Entries supplied Start Marker

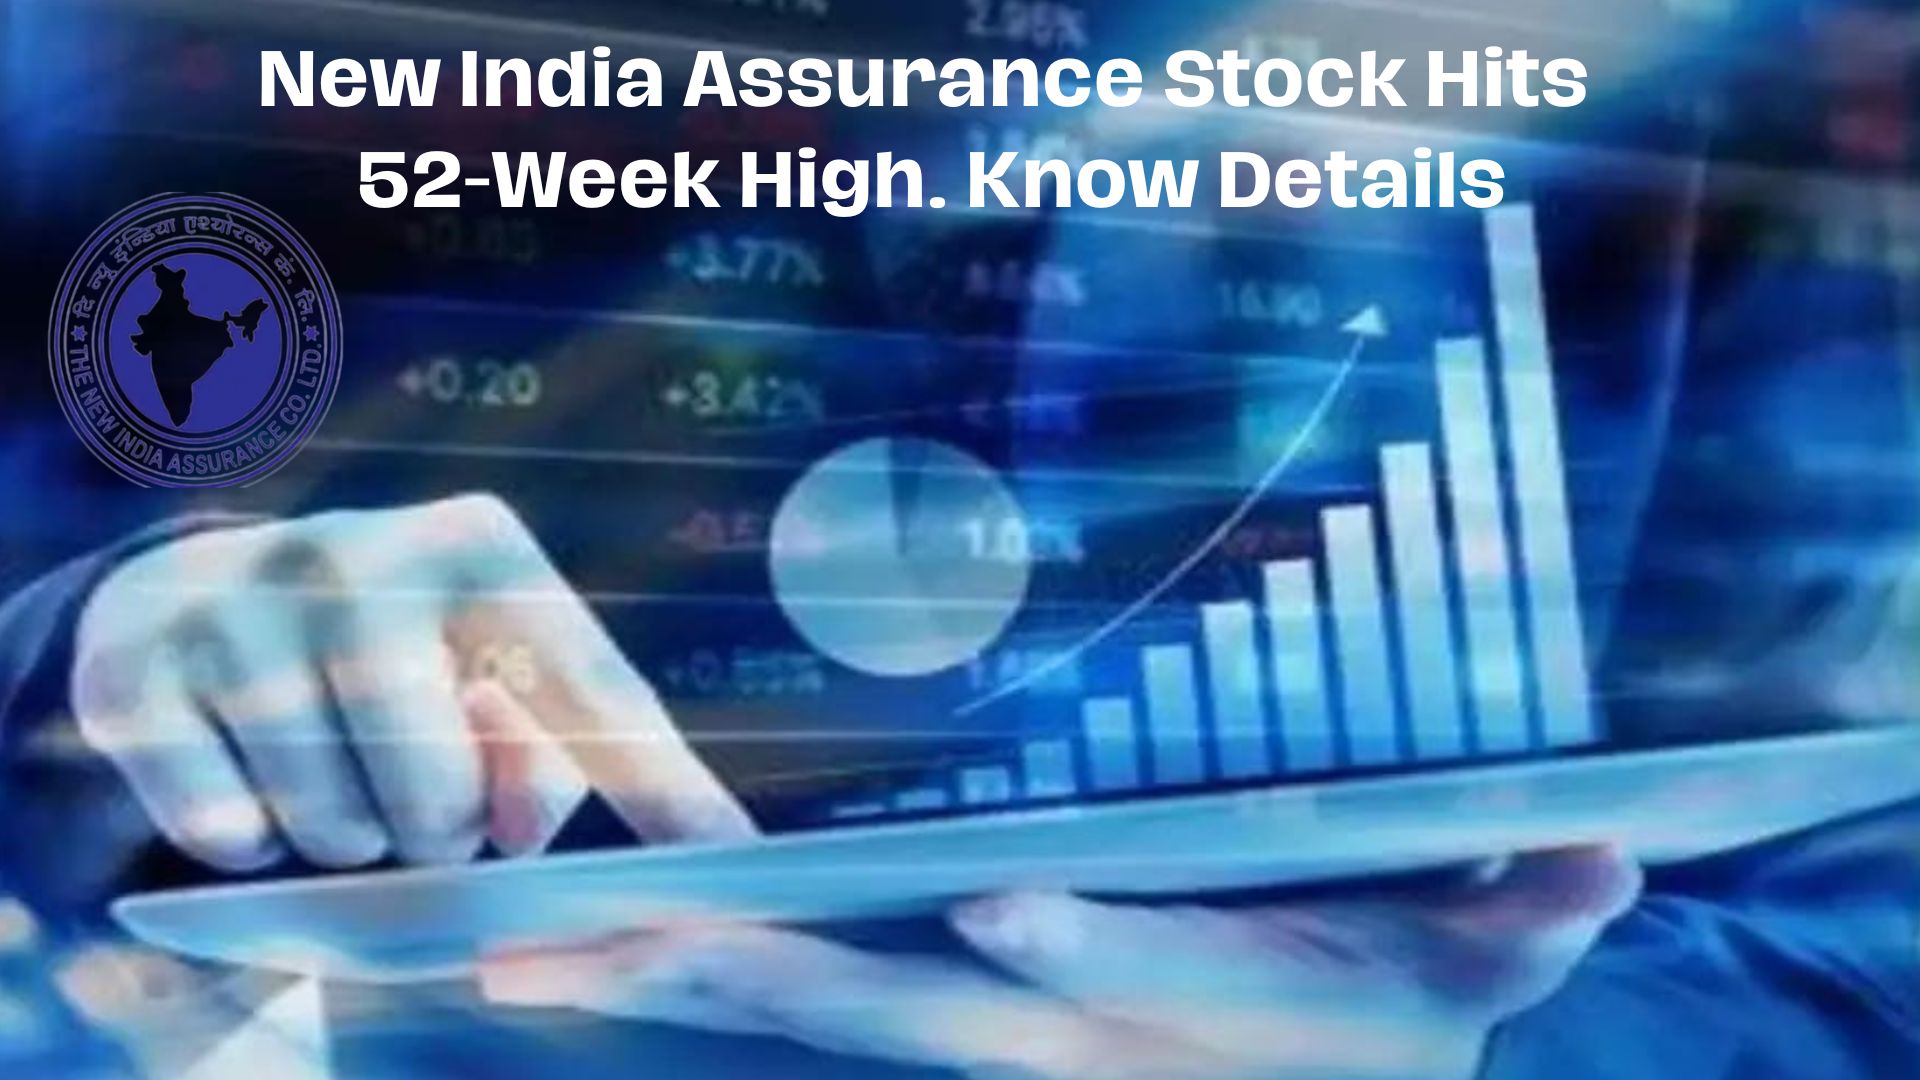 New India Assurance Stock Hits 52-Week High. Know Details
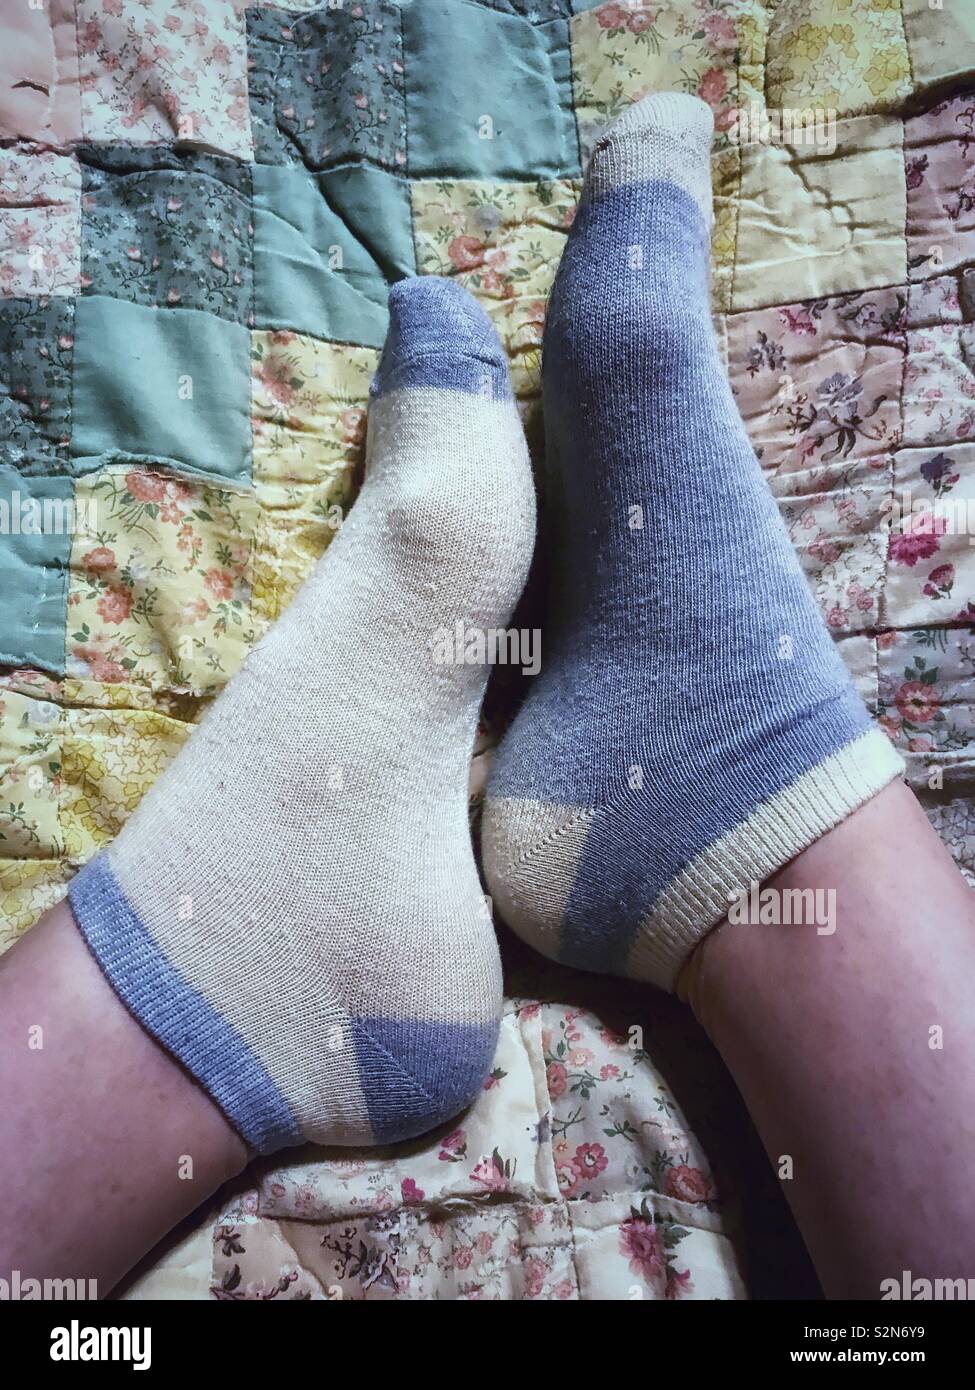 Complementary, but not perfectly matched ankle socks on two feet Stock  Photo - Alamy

Entries supplied End Marker
Entries supplied Start Marker

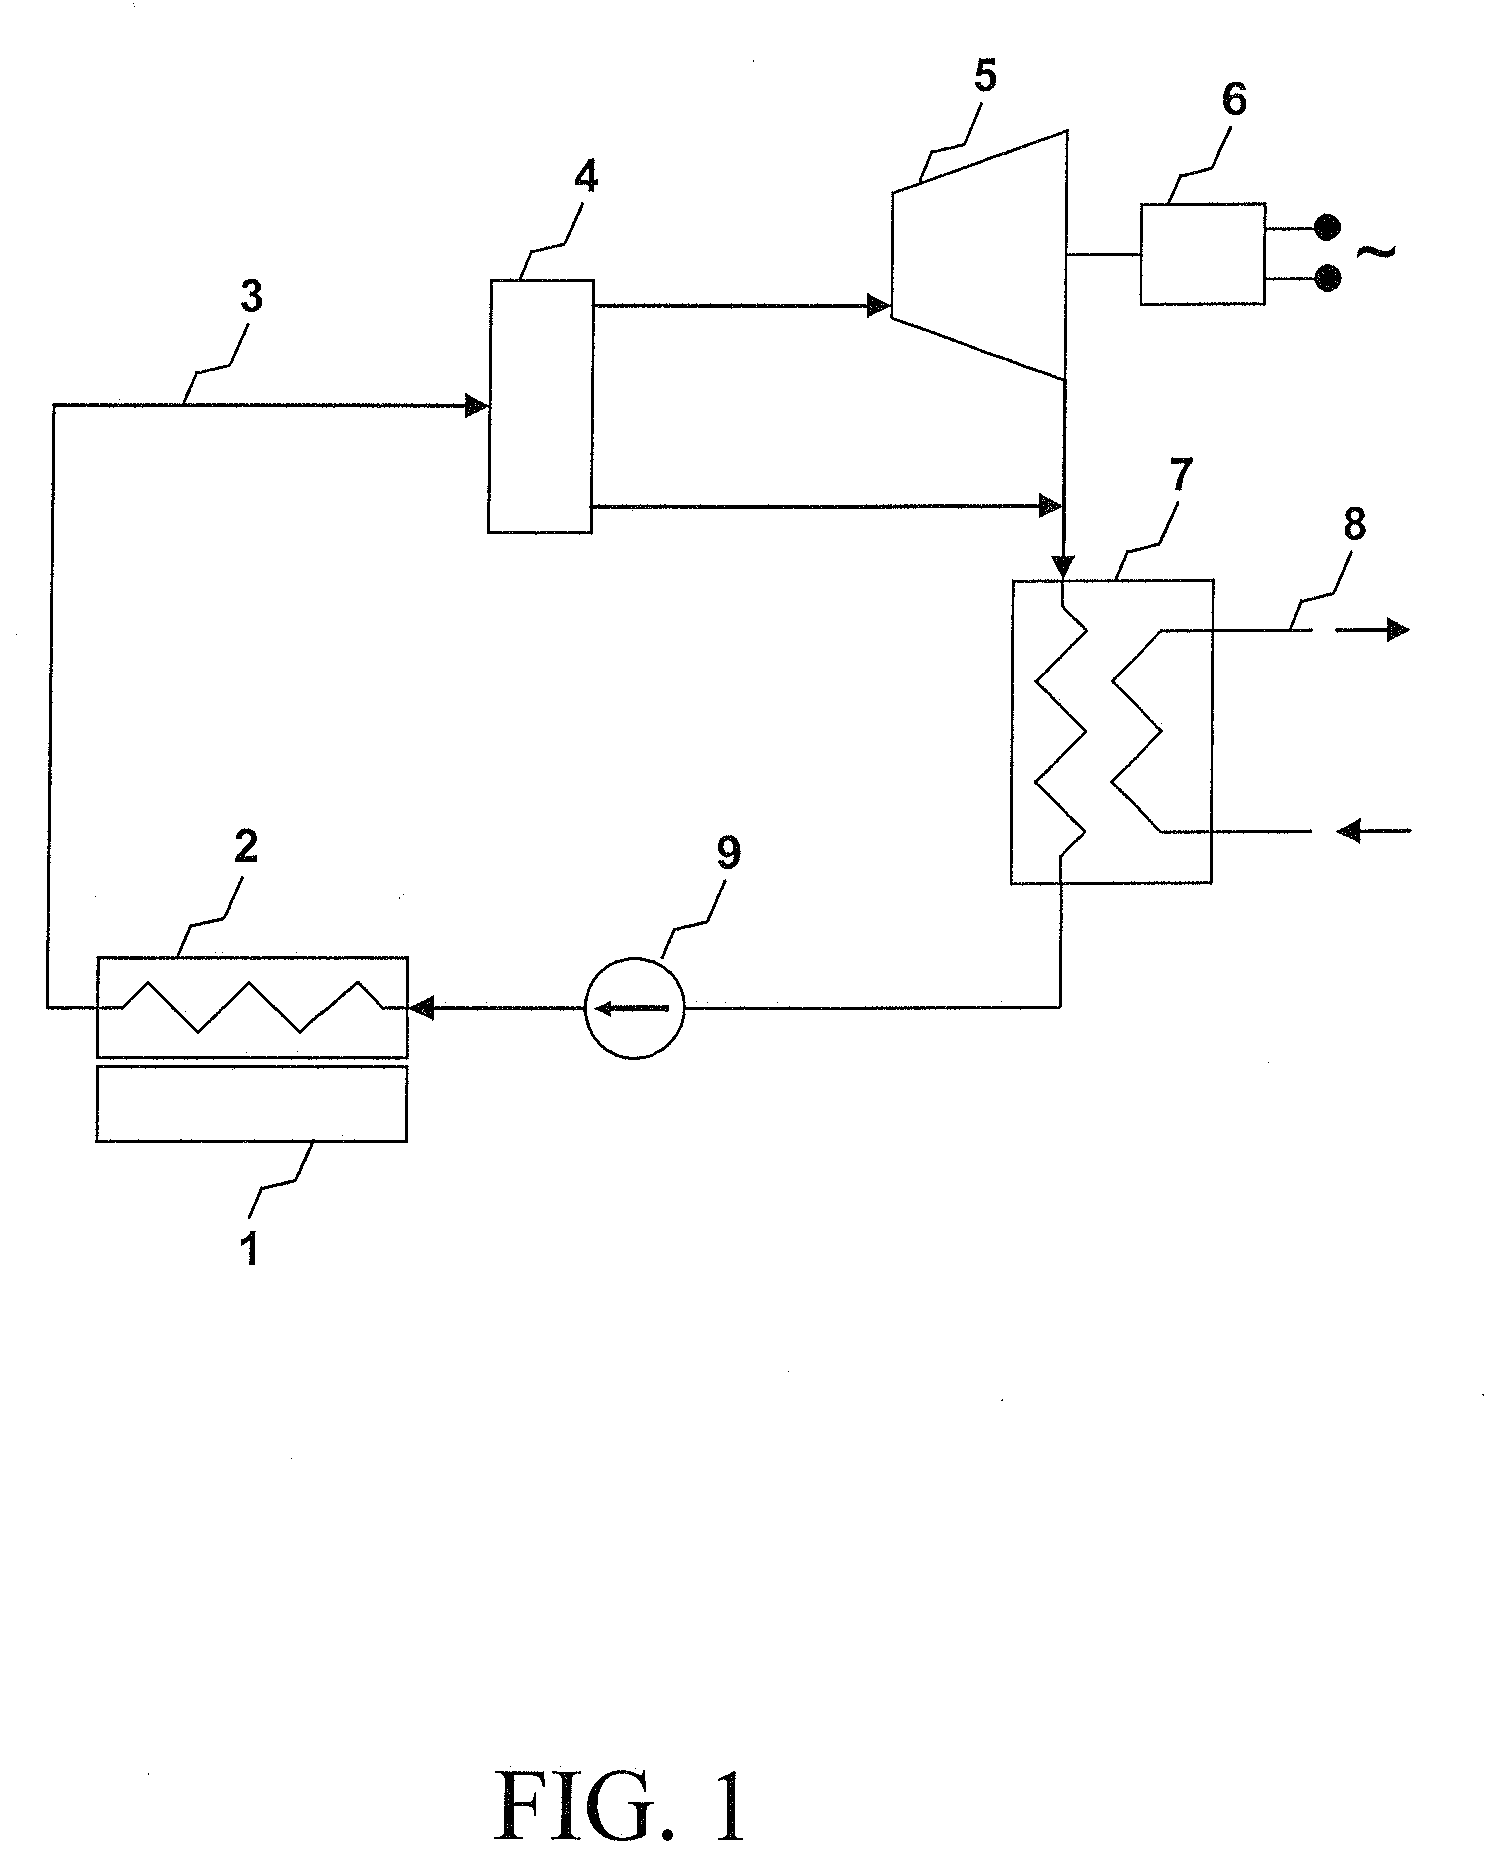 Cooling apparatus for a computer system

Entries supplied End Marker

:: Description of the task ::
Look above for the line holding "New India Assurance" and output everything from it down to the line holding "Complementary, but not", both ends included, exactly and without images.

:: Written solution ::
 New India Assurance Stock Hits 52-Week High. Know Details
 Complementary, but not perfectly matched ankle socks on two feet Stock  Photo - Alamy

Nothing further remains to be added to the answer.